# Particular driftwood with little to no tannins?



## Sean W. (Oct 12, 2013)

Whats up guys,

Im going to be starting a new 110 gallon high tech tank here shortly, ive been scavenging all over the internet looking for inspiration and ideas. Ive found a lot of really awesome scapes that i really liked but a lot of the time they have wood in them somewhere, sometimes i see just regular driftwood used and other times i see really lengthy and scraggly wood used that looks more like thin branches or roots than driftwood. 
Ive used driftwood in a few of my tanks, and each time ive used it they always turn my water brown, even after i boiled them for a couple hours and soaked them for a few weeks. It seems like no matter what i do with typical driftwood it leaks tannins into my water for at least a year. I really dont like tannins, i like my water crystal clear, so in my last few tanks ive skipped wood altogether and just went with rocks for the hard scape. 
But through my research, and the tanks ive seen that use wood as part of the hardscape the water isnt brown, especially the tanks with the straggly drift wood branches. So either they do a large water change before they take the pictures/video, the wood they are using has be submerged for a few years or the wood they use releases little to no tannins.

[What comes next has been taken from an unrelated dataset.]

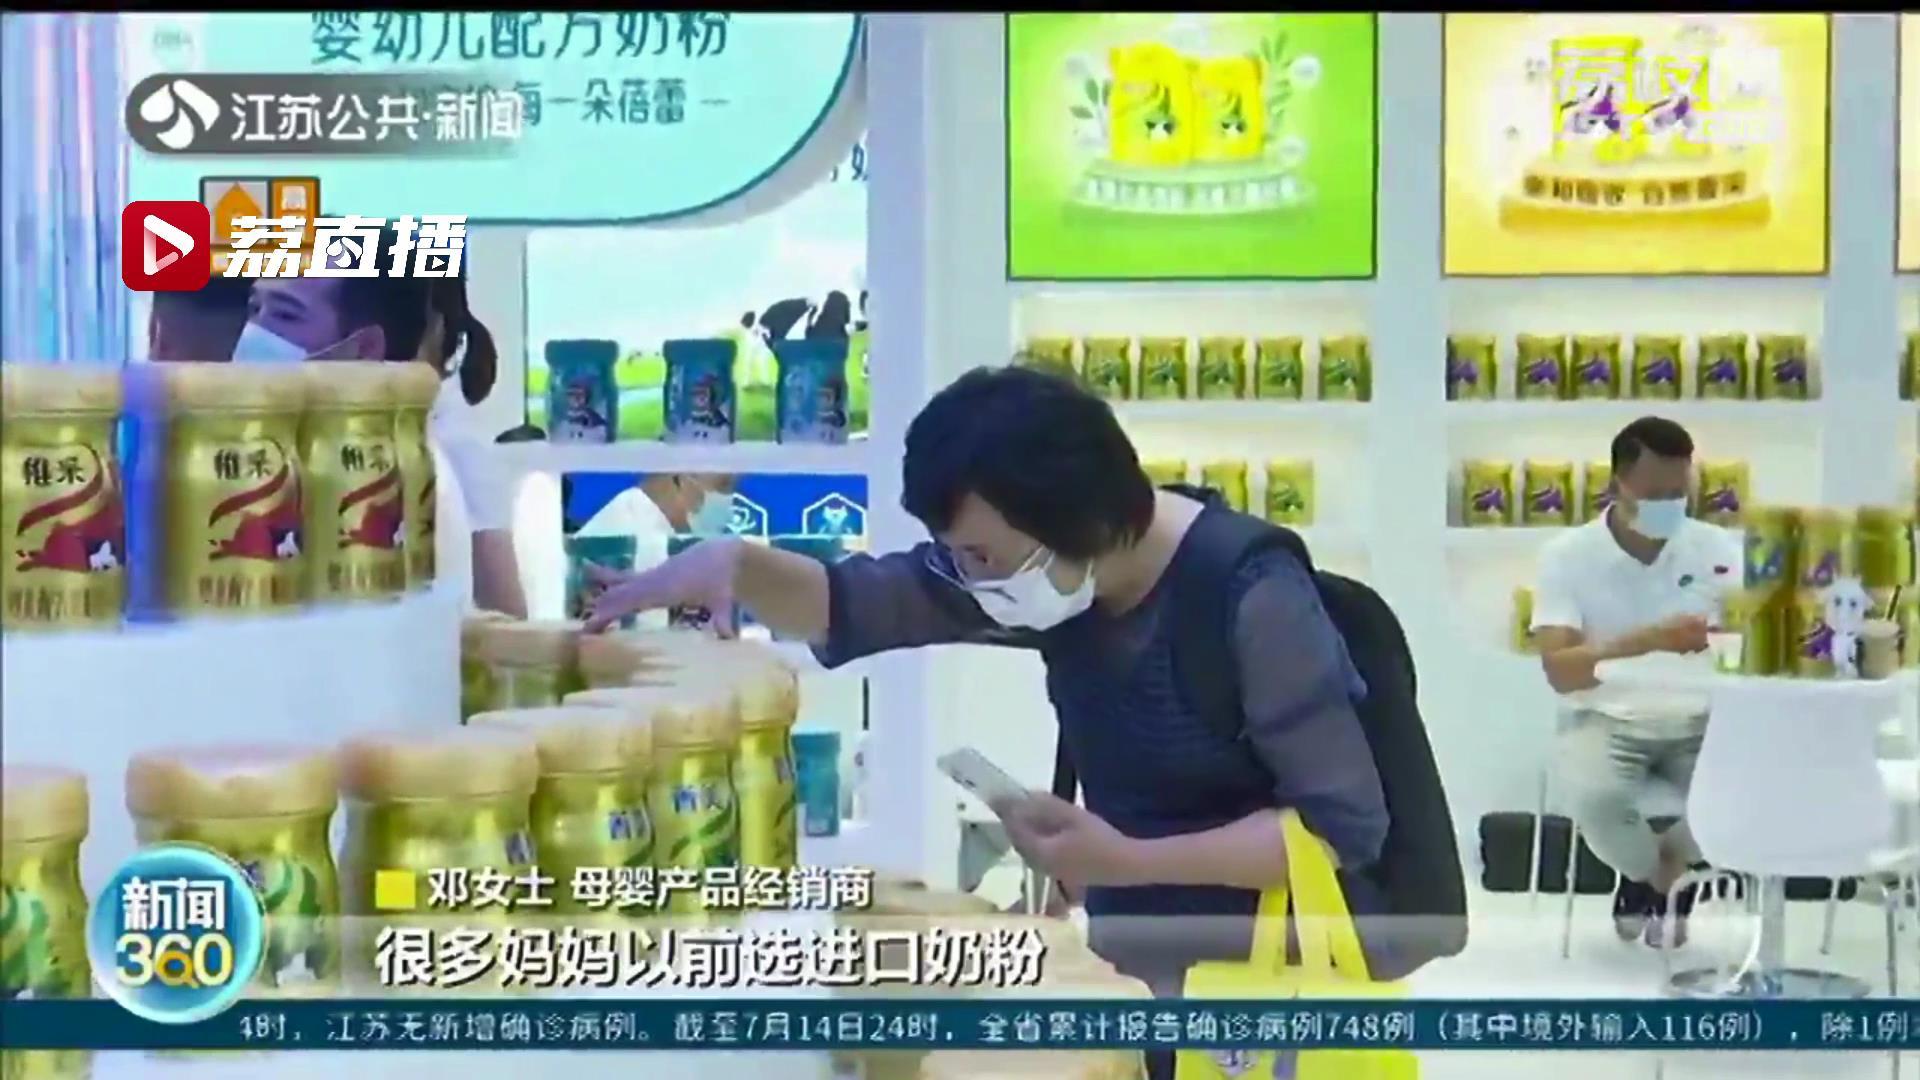 国产奶粉成首选、婴童学习用品设计科学…第21届孕婴童展开幕
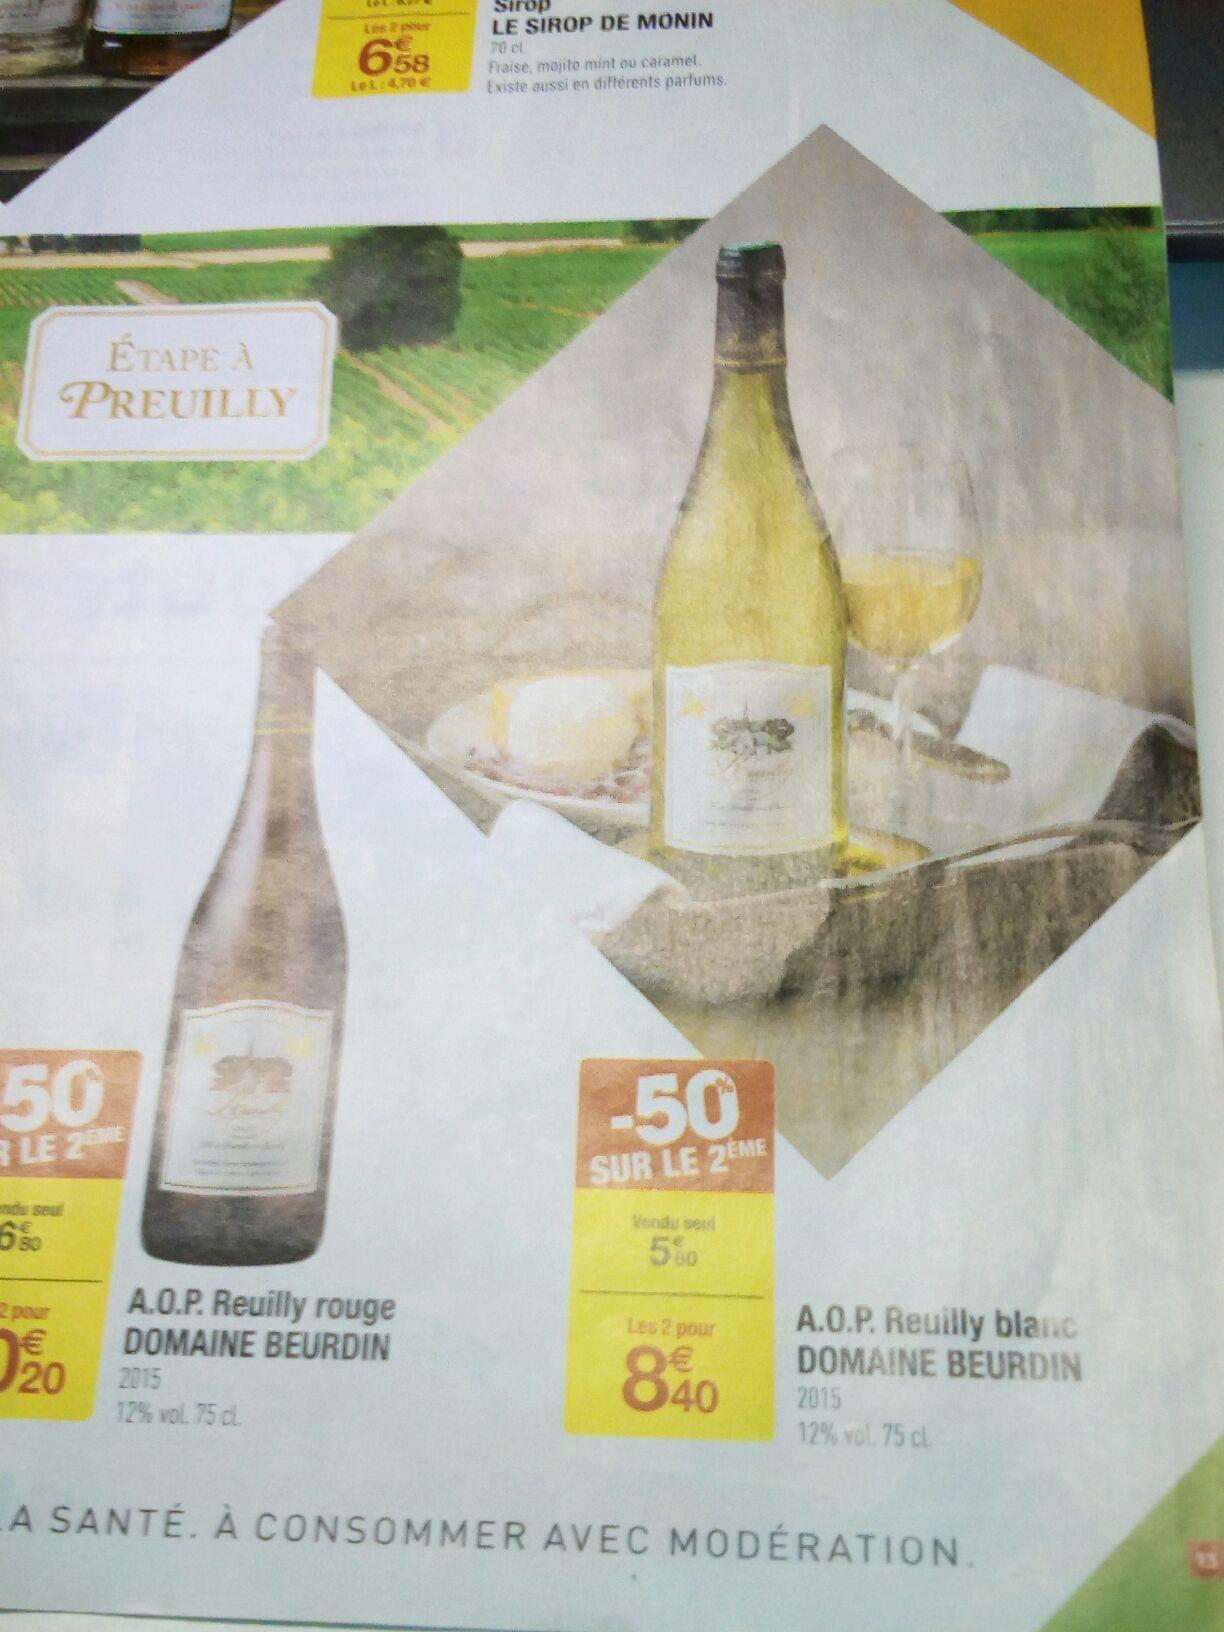 2 Bouteilles de vin blanc Reuilly 2015 Domaine Beurdin

so my question: Is there a type of driftwood that releases little to no tannins?


----------



## Eglinlotus (Jul 2, 2013)

manzanita and cholla both have little to non. Im from San Diego, CA born and raised before I join the Air Force. You should be able to harvest you own manzanita out there. Im about to have my dad get me a stump and root system for my 120 gal aqua scape.


----------



## Christophe (Oct 23, 2013)

Seems like the scraggly, branchy manzanita would contribute less just because there's less mass of wood.

Carbon or purigen in your filter will pull the tannins out of your water. I recently did a rescape with a big stump of mopane wood. It really stained the water, but carbon cleared it in a few days.


----------



## tenzero1 (Nov 29, 2011)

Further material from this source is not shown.